Opinion
Case No. 1:20-cv-601
12-04-2020
McFarland, J.
ORDER AND REPORT AND RECOMMENDATION
Plaintiff, an inmate at the Hamilton County Justice Center, brings this pro se civil rights action pursuant to 42 U.S.C. § 1983 against defendants Hamilton County Justice Center (HCJC), Naphcare Medical Services, and unidentified HCJC nurses. (Doc. 1). By separate Order, plaintiff has been granted leave to proceed in forma pauperis pursuant to 28 U.S.C. § 1915. This matter is before the Court for a sua sponte review of the complaint to determine whether the complaint, or any portion of it, should be dismissed because it is frivolous, malicious, fails to state a claim upon which relief may be granted or seeks monetary relief from a defendant who is immune from such relief. See Prison Litigation Reform Act of 1995 § 804, 28 U.S.C. § 1915(e)(2)(B); § 805, 28 U.S.C. § 1915A(b).

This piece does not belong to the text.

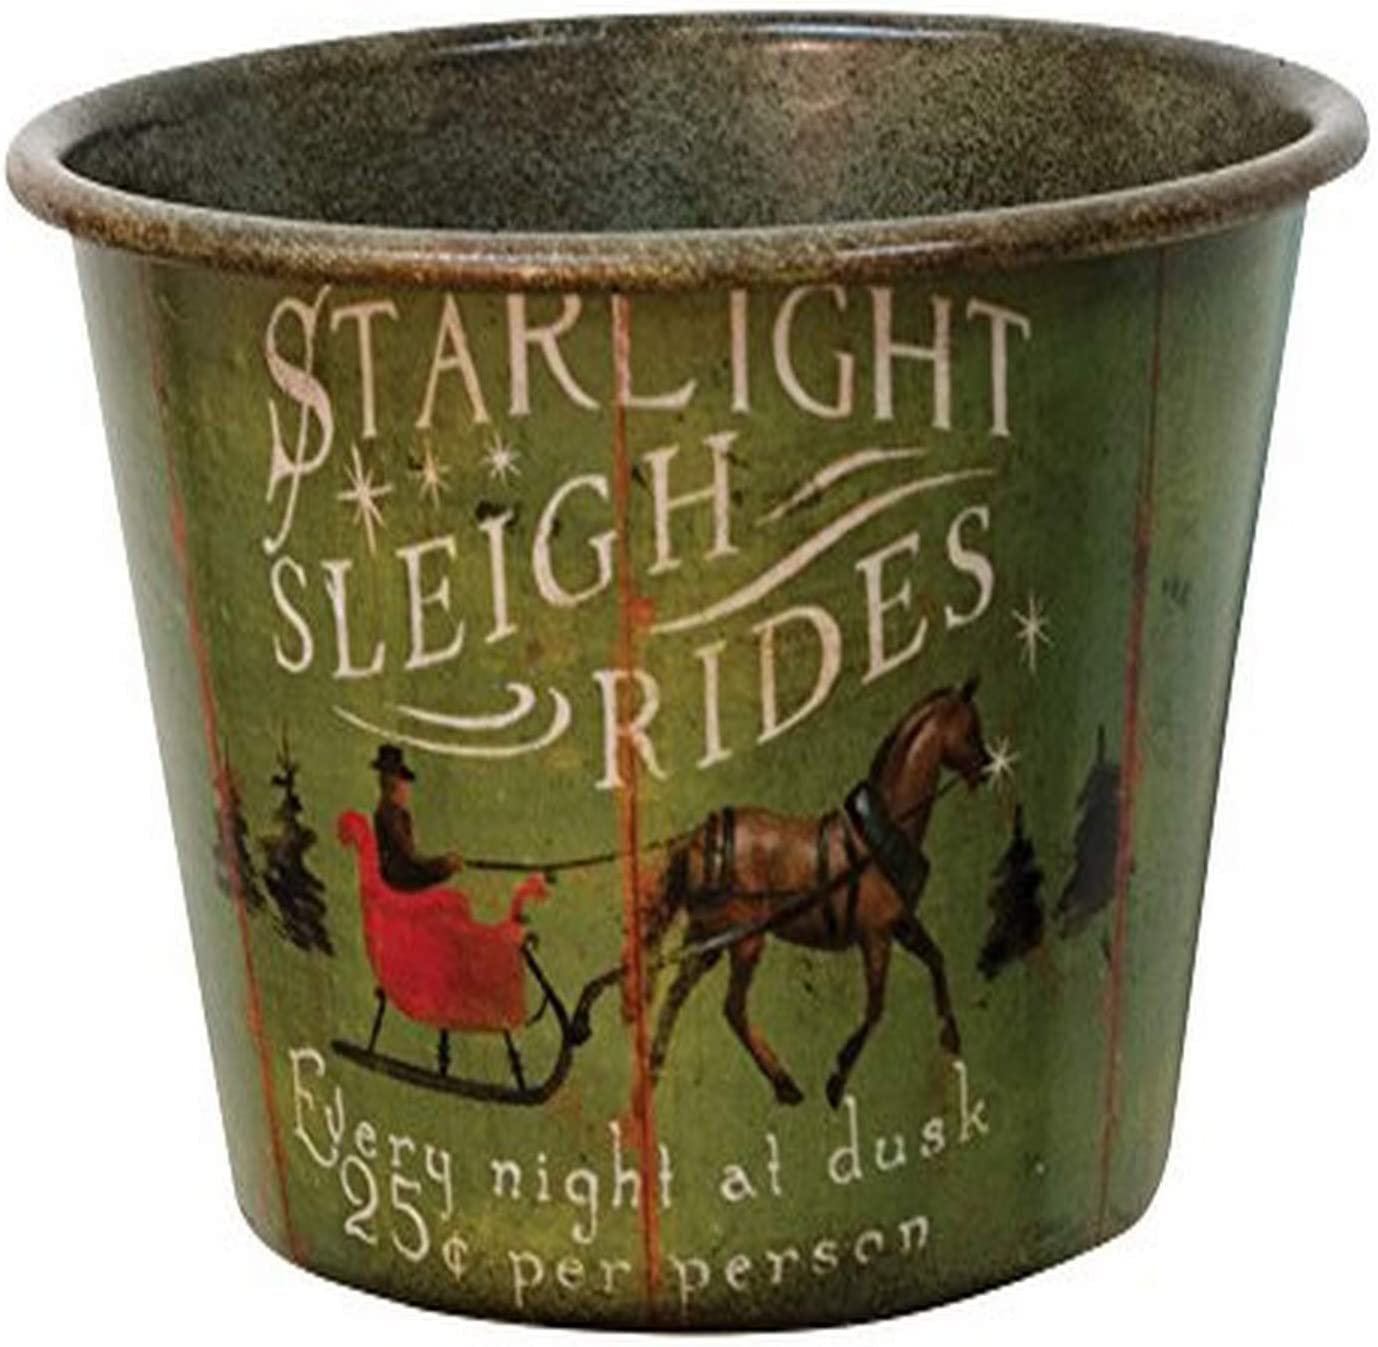 "CWI Gifts 4"" X 6.5"" Starlight Sleigh Rides Vintage Tin Bowl"
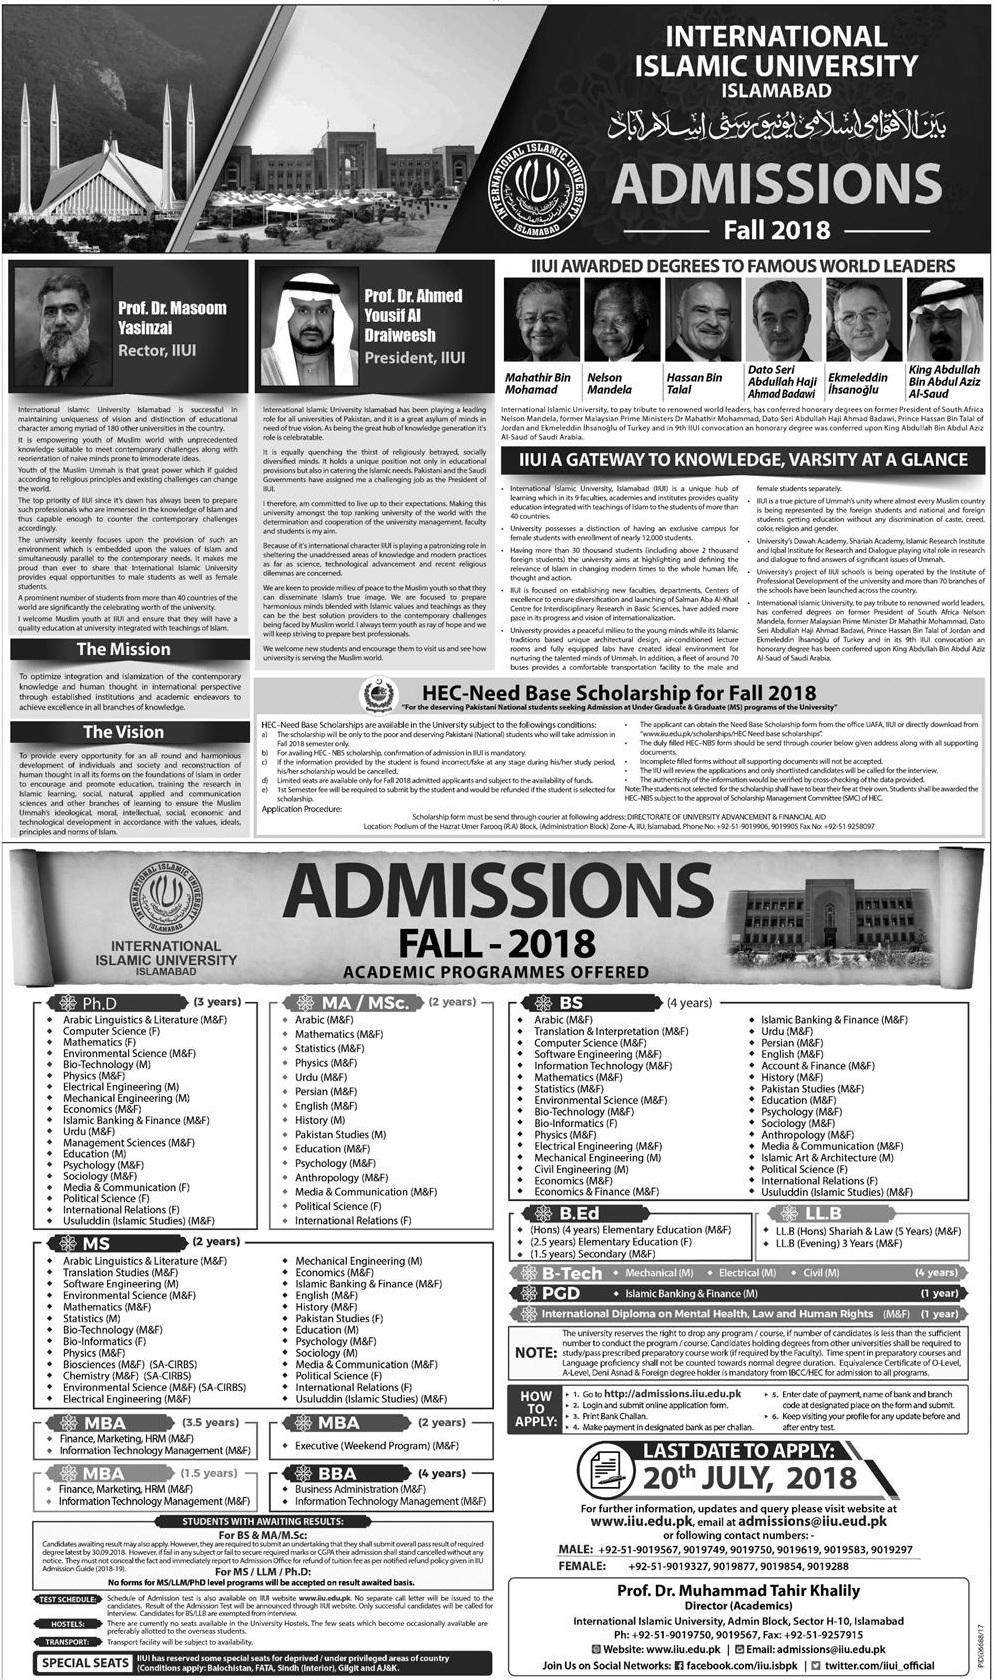 IIUI Admission Fall 2018 Download International Islamic University Admission Form

As indicated below, plaintiff refers to some of the unidentified HCJC nurses in the complaint only by their first names.
In enacting the original in forma pauperis statute, Congress recognized that a "litigant whose filing fees and court costs are assumed by the public, unlike a paying litigant, lacks an economic incentive to refrain from filing frivolous, malicious, or repetitive lawsuits." Denton v. Hernandez, 504 U.S. 25, 31 (1992) (quoting Neitzke v. Williams, 490 U.S. 319, 324 (1989)). To prevent such abusive litigation, Congress has authorized federal courts to dismiss an in forma pauperis complaint if they are satisfied that the action is frivolous or malicious. Id.; see also 28 U.S.C. §§ 1915(e)(2)(B)(i) and 1915A(b)(1). A complaint may be dismissed as frivolous when the plaintiff cannot make any claim with a rational or arguable basis in fact or law. Neitzke v. Williams, 490 U.S. 319, 328-29 (1989); see also Lawler v. Marshall, 898 F.2d 1196, 1198 (6th Cir. 1990). An action has no arguable legal basis when the defendant is immune from suit or when plaintiff claims a violation of a legal interest which clearly does not exist. Neitzke, 490 U.S. at 327. An action has no arguable factual basis when the allegations are delusional or rise to the level of the irrational or "wholly incredible." Denton, 504 U.S. at 32; Lawler, 898 F.2d at 1199. The Court need not accept as true factual allegations that are "fantastic or delusional" in reviewing a complaint for frivolousness. Hill v. Lappin, 630 F.3d 468, 471 (6th Cir. 2010) (quoting Neitzke, 490 U.S. at 328).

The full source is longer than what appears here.